Rutaecarpine the capecitabine–placebo arm had received anthracyclinecontaining therapy.The median duration of follow-up in the capecitabine cohort was 15.6 months. The study demonstrated a significant improvement in PFS with the capecitabine– bevacizumab combination compared with capecitabine– placebo.Despite AVF2119g not meeting its primary objective, the doubling of response rate provides an indication of activity and may be clinically meaningful to those patients. Additional important findings from the AVF2119g trial include the safety results. Although capecitabine was given at a dose higher than currently used in clinical practice, collection of chemotherapyrelated adverse events was more extensive than in RIBBON- 1 and therefore the trial provides a more thorough understanding of the safety profile of capecitabine–bevacizumab combination therapy.
In AVF2119g, the combination of bevacizumab with capecitabine had little impact on the Sinomenine frequency or severity of capecitabinerelated adverse effects. In addition to the three randomised, phase III trials reported above,the literature includes several single- arm studies evaluating capecitabine–bevacizumab either alone or in combination with another chemotherapeutic agent. In the first-line setting, these studies include XCALIBr,North Central Cancer Treatment Group (NCCTG) NO43,an Italian phase II study of metronomic therapy with bevacizumab,and a subpopulation analysis of the ATHENA bevacizumab safety study.Further data on the combination of capecitabine and bevacizumab were generated in the ATHENA bevacizumab safety study. Although the primary aim of ATHENA was to evaluate bevacizumab in combination with first-line taxane-based therapy in routine oncology practice, investigators were permitted to combine bevacizumab with alternative standard first-line chemotherapy (excluding anthracyclines) if taxane therapy was not purchase Apixaban considered their standard of care for a patient.
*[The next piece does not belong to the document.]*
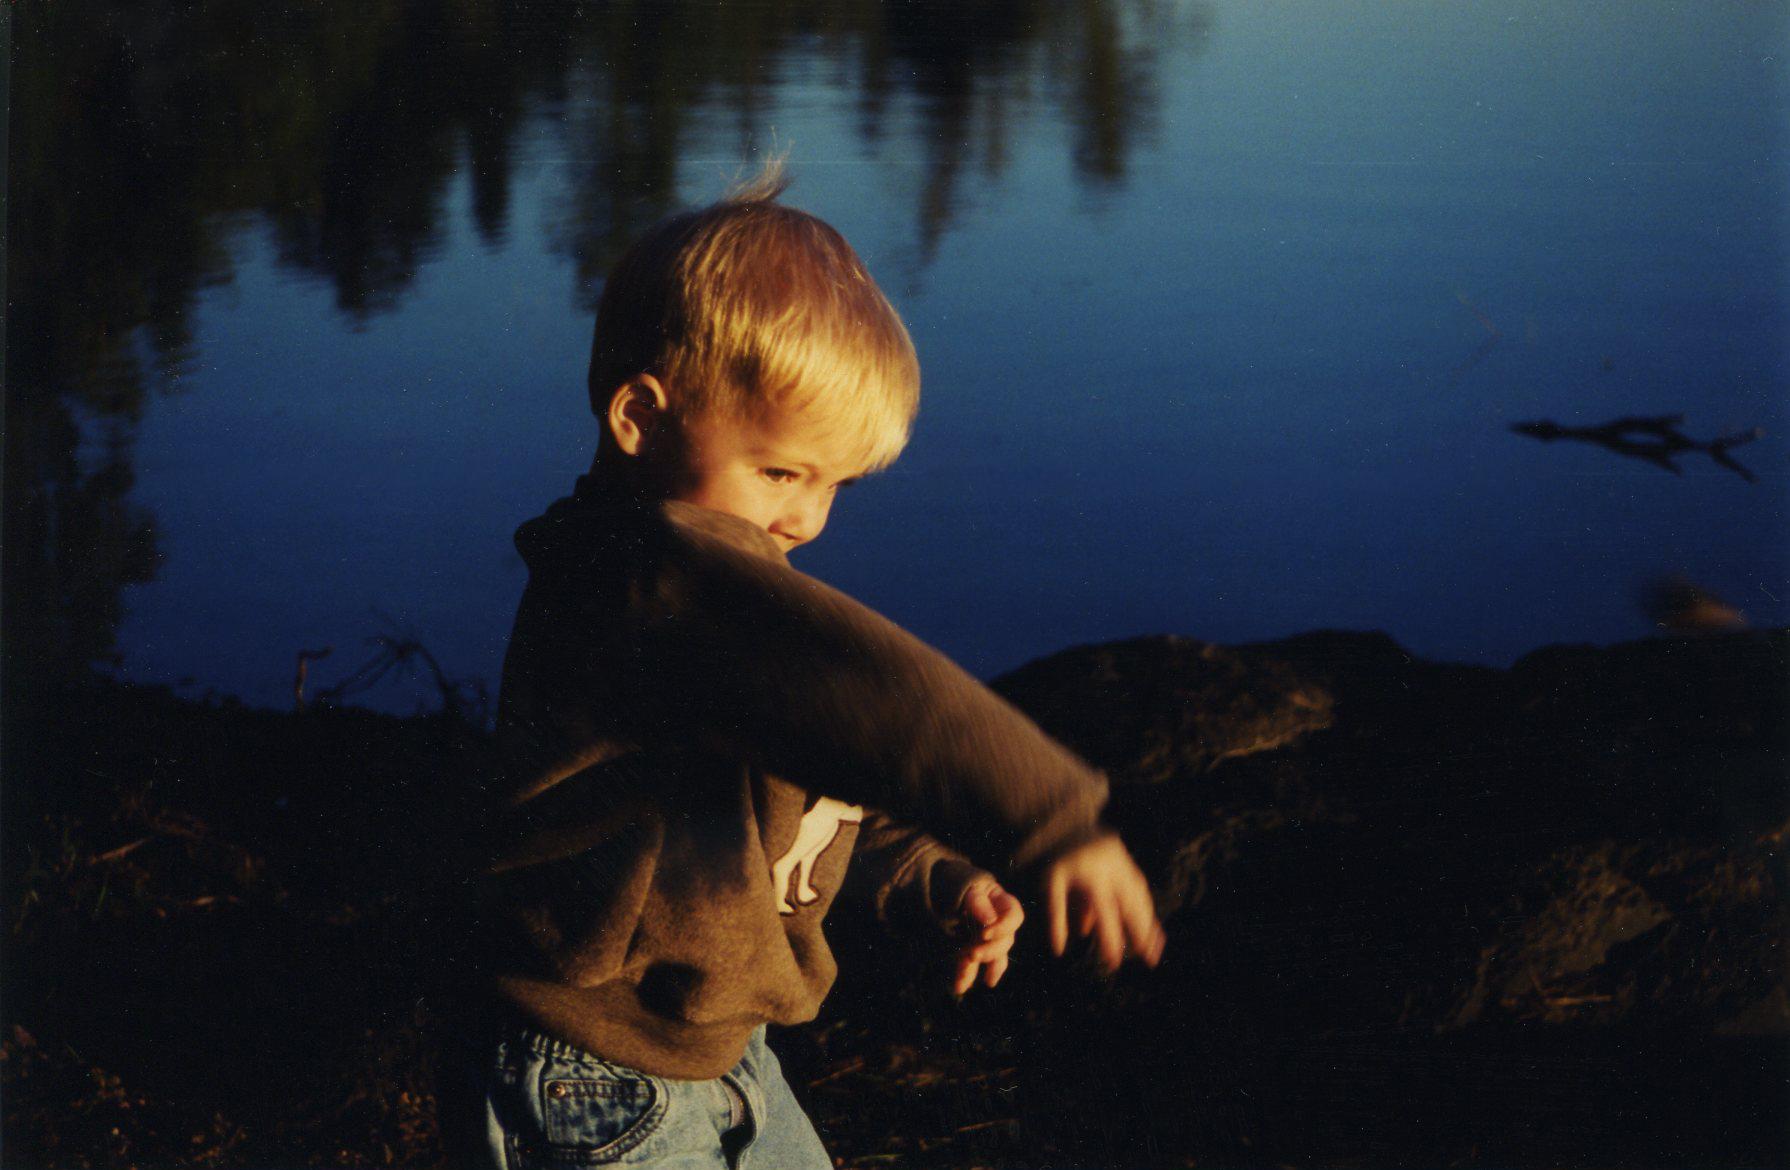 Cody-NB1997

Assessment of outcome according to chemotherapy partner was prespecified in the statistical plan. Another group of Italian investigators evaluated an alternative triplet combination, opting for a low-dose metronomic schedule to overcome the considerable toxicity often associated with combination chemotherapy regimens. Metronomic chemotherapy appears to increase anti-angiogenic activity compared with cyclic order E7080 administration at higher doses. The combination of metronomic chemotherapy with anti-angiogenic agents has shown sustained tumour regression with no major toxicity in preclinical studies.There are several ongoing trials in MBC evaluating capecitabine–bevacizumab combination regimens, predominantly as first-line therapy, with or without additional chemotherapy.
In the first-line setting, the phase III capeciTabine and bevacizUmab Randomised against AvastiN anD taxOl Trial (TURANDOT) (ClinicalTrials. gov identifier NCT00600340) by the Central European Cooperative Oncology Group (CECOG) is comparing capecitabine–bevacizumab versus paclitaxel– bevacizumab in patients with HER2-negative MBC. The regulates trial, now fully recruited, is aiming to address a question unanswered by RIBBON-1 by comparing different bevacizumab–chemotherapy combinations.